BROWNSBURG, Ind. (July 31, 2015)--  A Brownsburg man had to have part of his leg amputated after a driver hit him and took off.

On Friday, Mark Wilson was riding his Harley on 136 in Brownsburg when he says a driver slammed into him and kept on driving.

“I just started saying to myself I’m going to be hit, I’m going be hit, I’m going be hit,’” remembers Mark Wilson, hit-and-run victim.

At least two people stopped to help Wilson when he was on the side of the street. They helped to keep him calm and called 911.

“I knew I was in trouble. Things are not going to end well,” says Wilson.

Wilson has road rash on his arm but the most serious injuries were to his right leg.  Doctors had to amputate his right leg below the knee.

“In a strange way God does things in his time and in his manner,” says Wilson.

While Wilson has been working to get better, investigators have been working the scene. Police found just what they needed to track down the driver.  They found a piece of car debris. On that piece was the car’s VIN number.

“And there it lies with basically the automobile fingerprint laying there at the feet of the scene of the crime.  How does that happen? It’s a God thing, that’s why I’m a man of belief,” says Wilson.

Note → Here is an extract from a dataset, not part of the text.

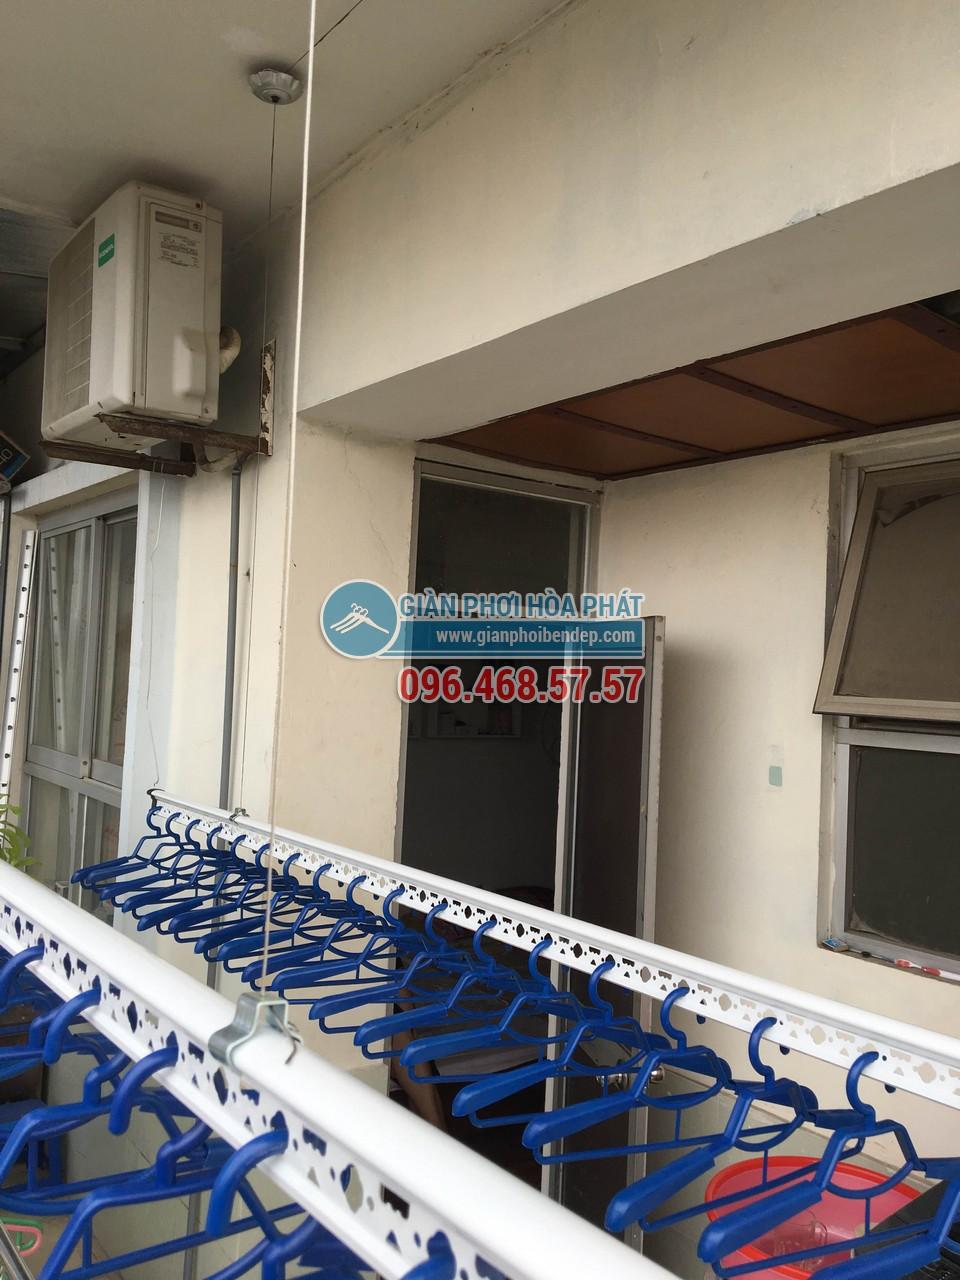 Lắp đặt giàn phơi thông minh Đà Nẵng trọn gói, giá rẻ. LH 0964685757 - 02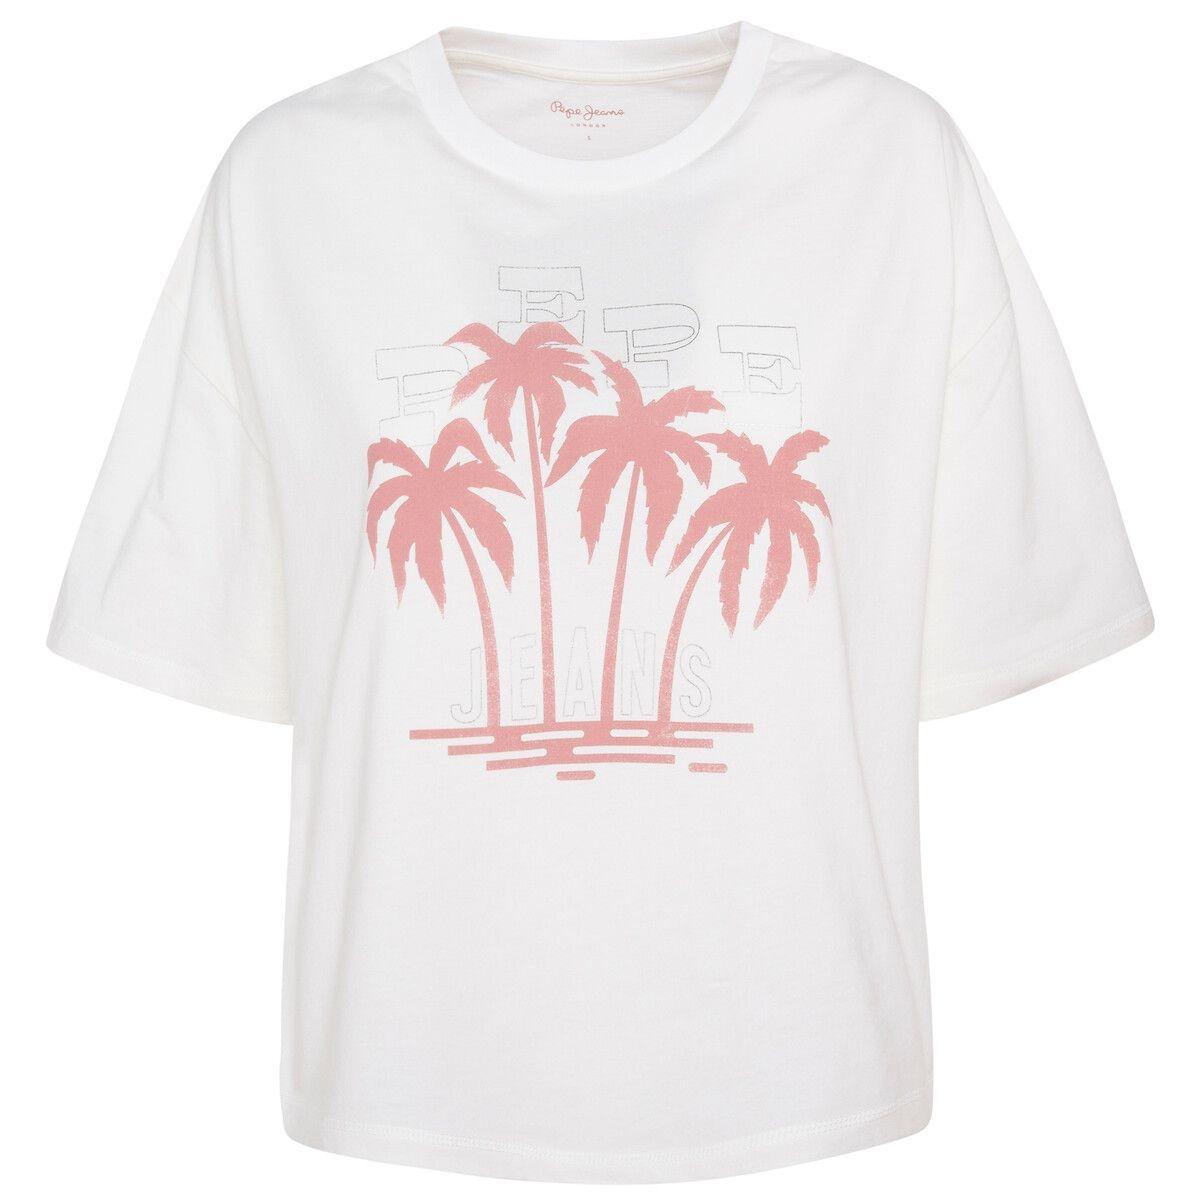 T-shirt manches courtes, imprimé devant

Police ran the VIN number and tracked down the suspect, Allen Foist.  Court papers reveal he admitted to officers that he hit something but he thought it was the curb.  Foist has been charged with leaving the scene of a crash with serious bodily injuries.

“I do forgive him, that’s just the nature of who I am,” says Wilson.

The almost 50-year-old man is going to have to learn how to walk all over again, but he’s up for the challenge.  Although his leg might not be as strong as it used to, his heart and his spirit are stronger than ever.

“There have been too many positives, too many things that have happened to see a potentially good fitting end to what could’ve been a tragic story,” says Wilson.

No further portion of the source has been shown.